Wieso werden die härtesten und einseitigsten Jobs meist schlechter bezahlt, obwohl sie doch mehr Aufwand bedeuten und damit mehr Wert schaffen sollten? Die Auflösung liefern wir später in der Artikelserie, zum einen kurz in Teil 3, wo es um die härtesten Jobs geht, mit langen Arbeitsschichten. Dies betrifft global gesehen die "Entwicklungsländer", deren Jobs so hart sind, um wenigstens halbwegs mit der Produktivität der Industrienationen mithalten zu können (beispielsweise in der Textilbranche); um zum anderen in Teil 5, wo er klärt wird, warum es im Kapitalismus überhaupt eine Tendenz zu vereinseitigten Jobs gibt.

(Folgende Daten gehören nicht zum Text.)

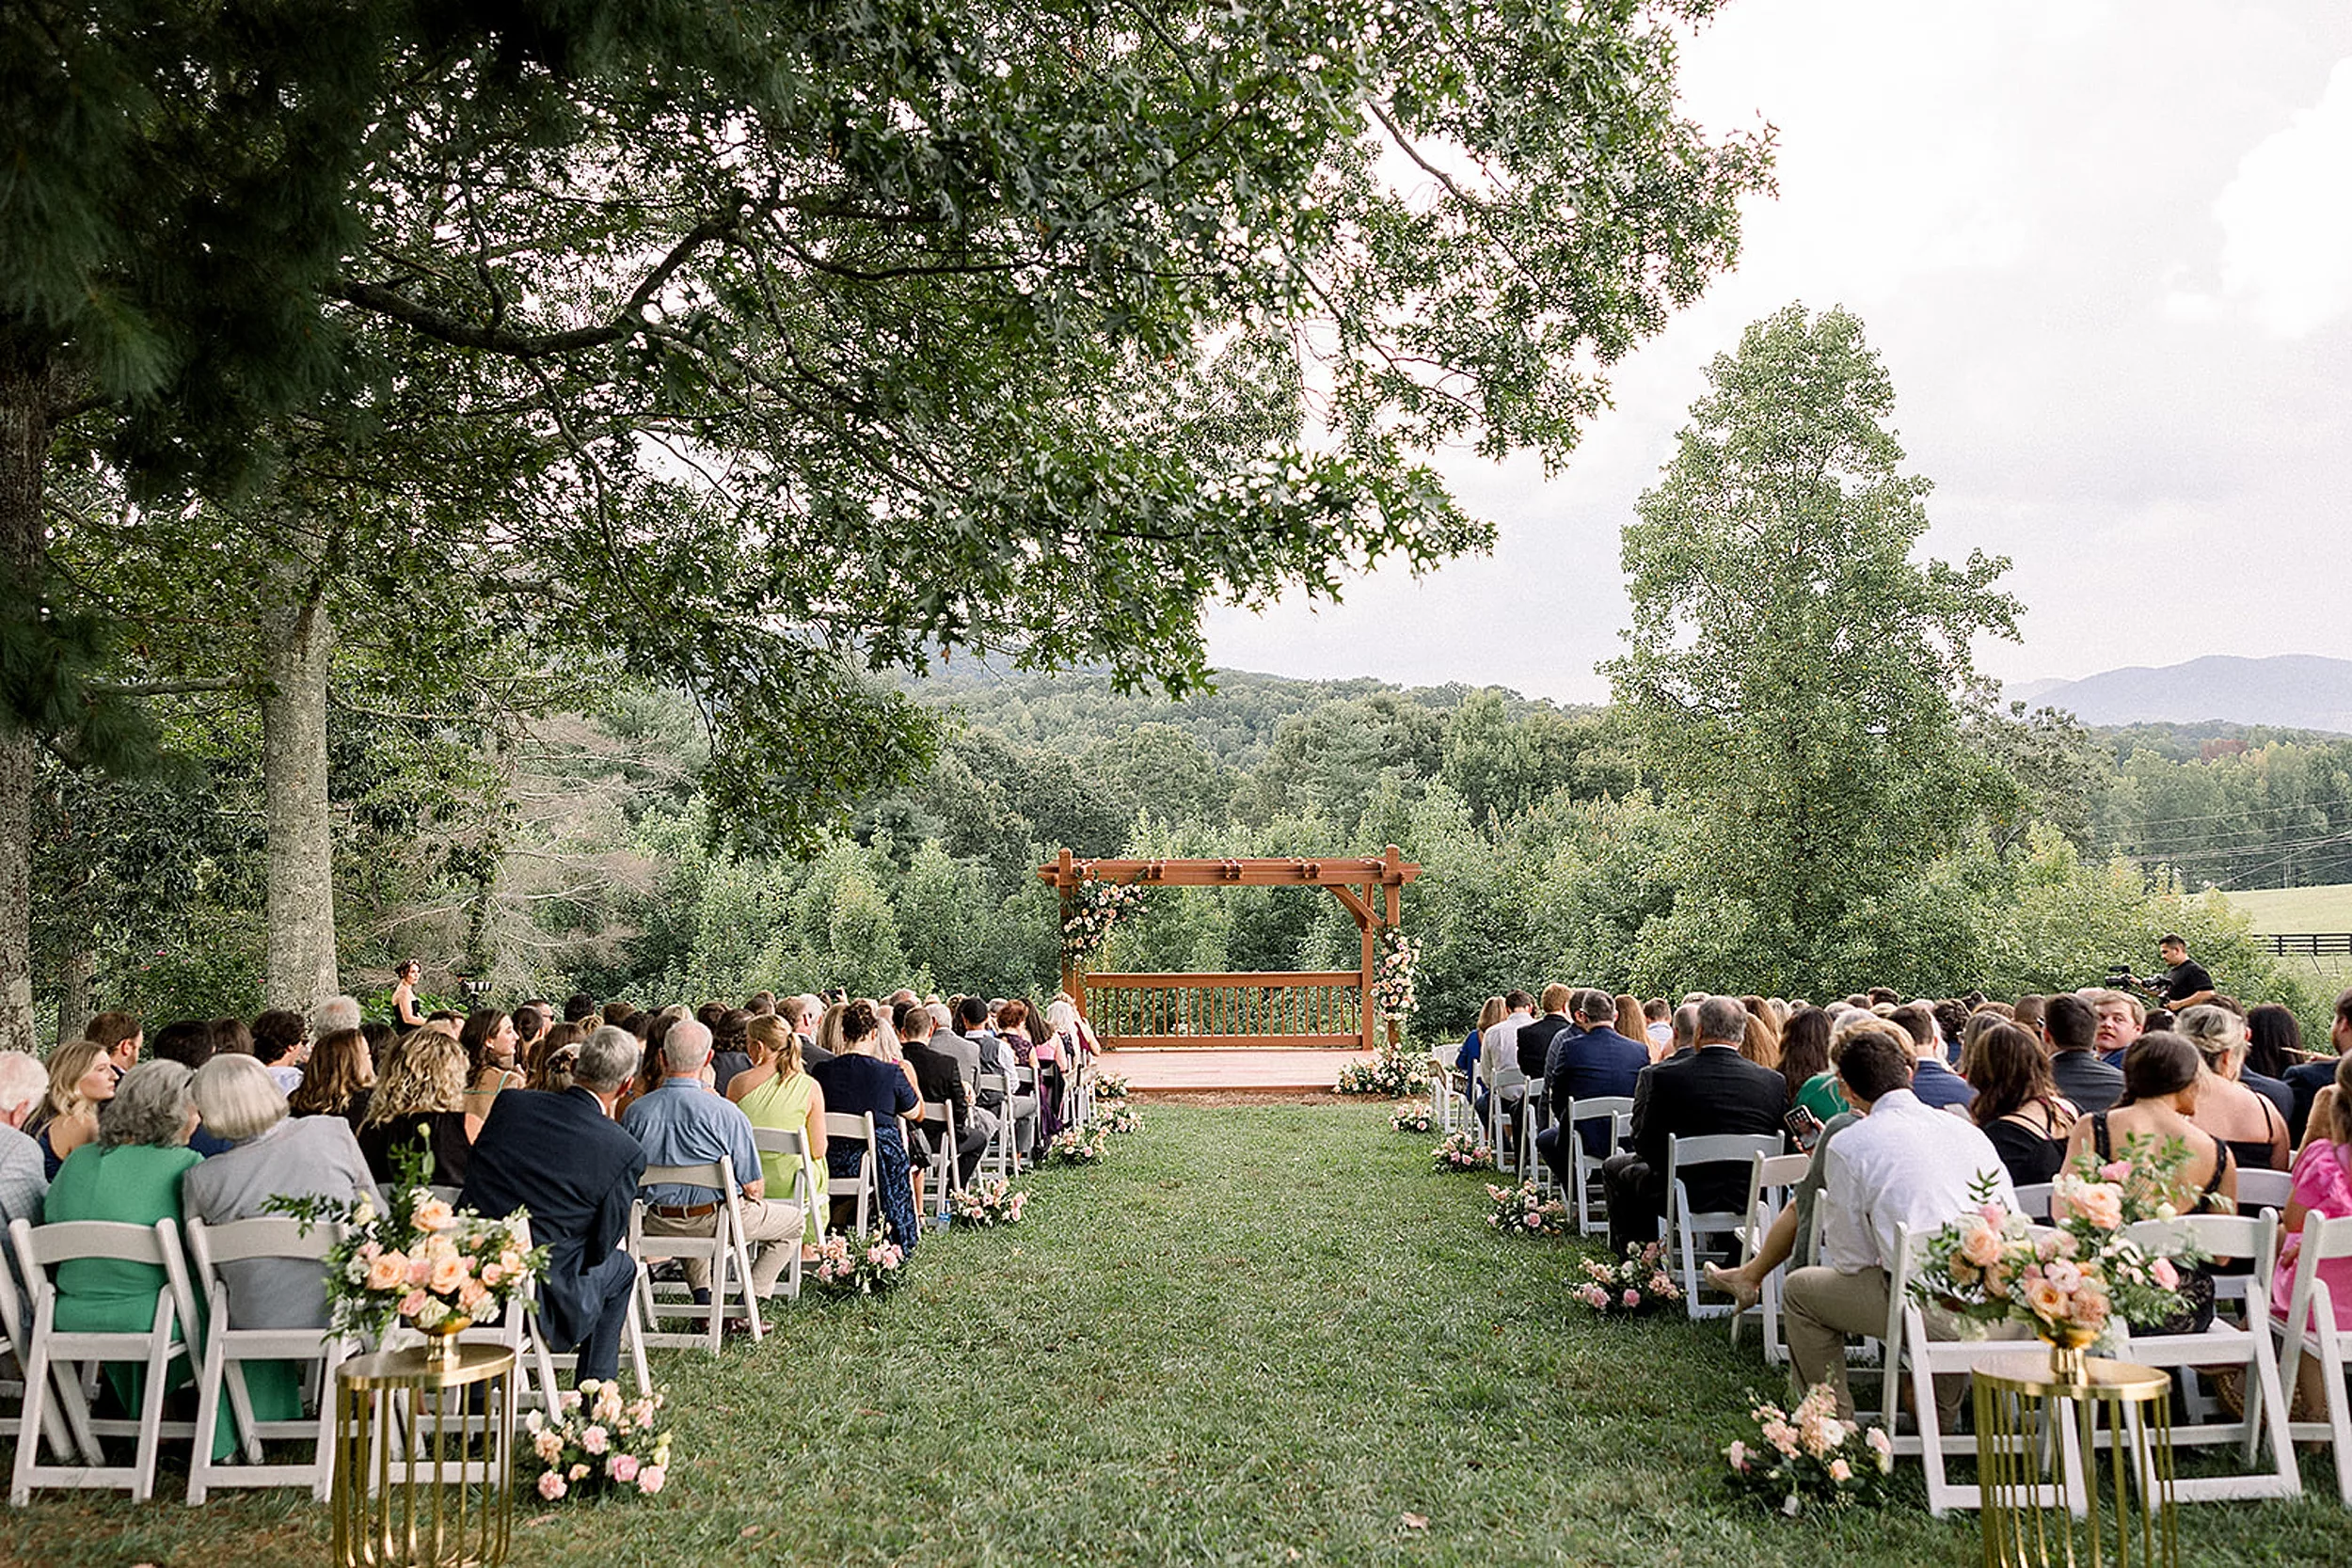 Guests sit in white chairs waiting for an outdoor White Oaks Vineyard wedding on a hill
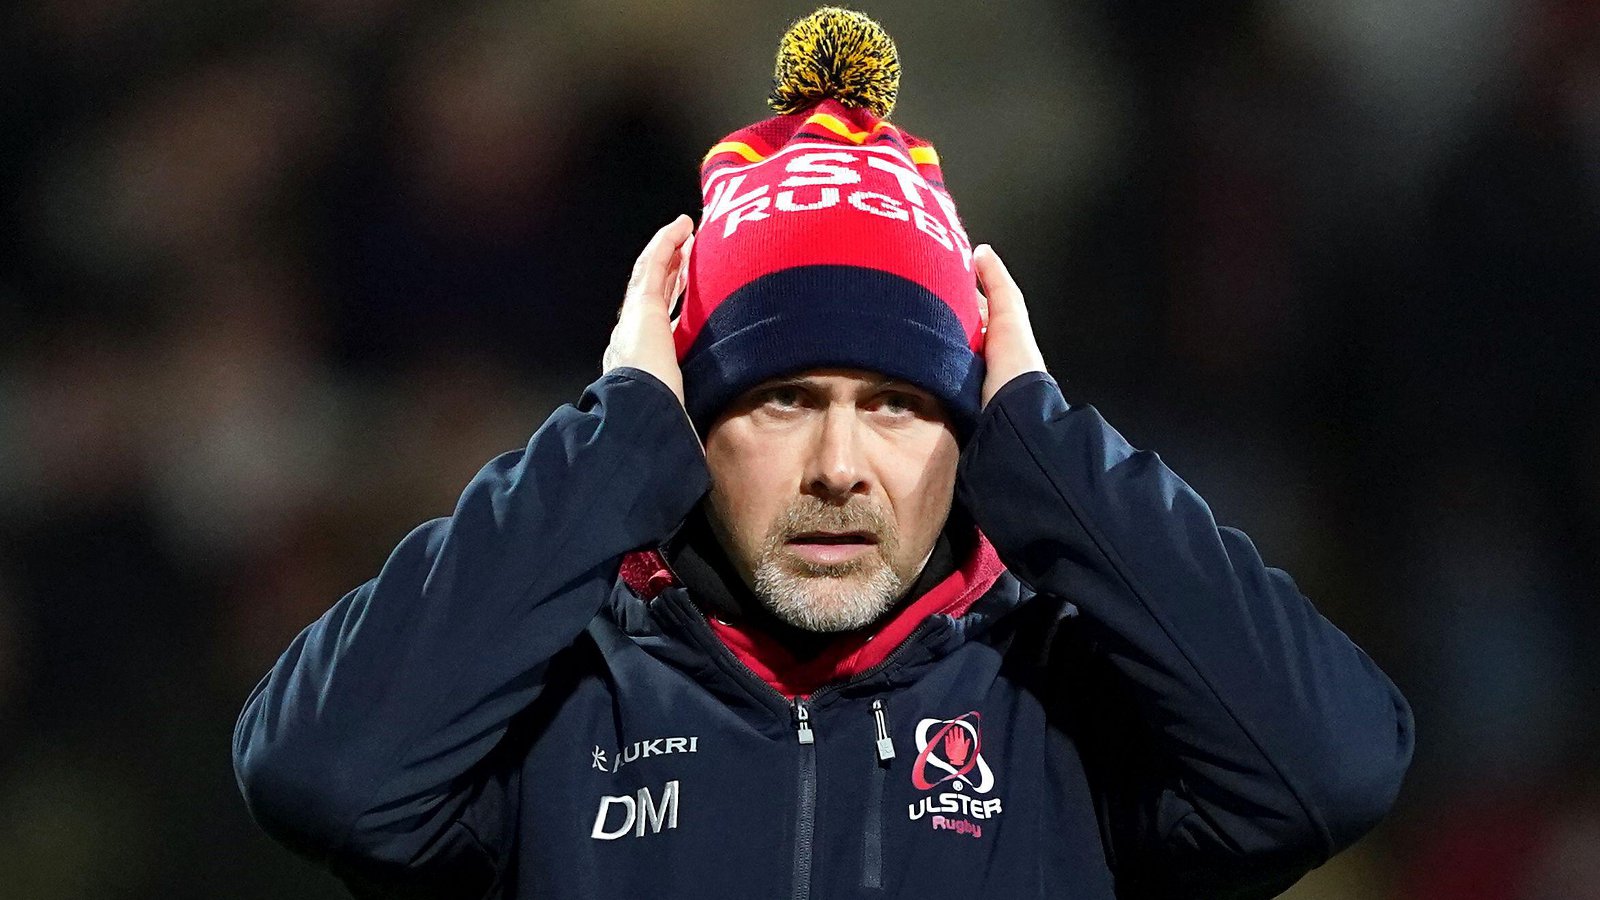 ulster axe head coach days after much-criticised ref rant – report

Wie kommt es, dass der Wert eines Dings von Ort zu Ort und von Zeit zu Zeit schwanken kann? Solche Beobachtungen liegen ja tatsächlich vor, aber sie machen unter einer naiven Arbeitswertlehre nur wenig Sinn, da die verausgabte Arbeit, die in den produzierten Waren bereits steckt, dieselbe ist und bleibt und nicht rückwirkend mehr geändert werden kann, sobald die Ware einmal produziert ist - sie müsste also doch bis zum Verkauf, bevor im Konsum ihre allmähliche Vernutzung und damit auch ihre Wertminderung beginnt, konstant bleiben, sich also überall und jederzeit auch in gleichen Preisen äußern. Dennoch zeigt die Erfahrung, dass die gleiche Tafel Schokolade, vom selben Fabrikanten hergestellt wurde, im Discounter günstiger ist als im Kiosk gleich nebenan. Dies ist weder durch zusätzlichen Produktions- noch durch zusätzlichen Transportaufwand zu rechtfertigen. Auflösung: Um solche Effekte und Widersprüche korrekt verstehen und erklären zu können, muss man nicht nur die Bestimmung und Bewegungsgesetze des Werts kennen, sondern auch eine Unterscheidung einführen zwischen dem Wert und dem Preis einer Ware (im Buch Kapitel 3 [6]), einen Unterschied, den die VWL gar nicht kennt oder kennen will und deswegen auch so regelmäßig auf allerlei Illusionen hereinfällt. Mit diesem Wissen würde es z.B. viel klarer, wieso auf dem Basar, Preise überhaupt nachverhandelt werden können, wenn dieser doch eigentlich durch die bereits im Produkt verausgabte Arbeitsmenge fix und fertig feststehen müsste. Es würde also klarer, wie das Gesetz von Angebot und Nachfrage auch dann noch fortbestehen kann, wenn die Werte fix im Produkt vorliegen - eben als Abweichung des Preises vom Wert. Warum es diese Abweichung notwendig geben muss, erklärt Marx dort ebenfalls.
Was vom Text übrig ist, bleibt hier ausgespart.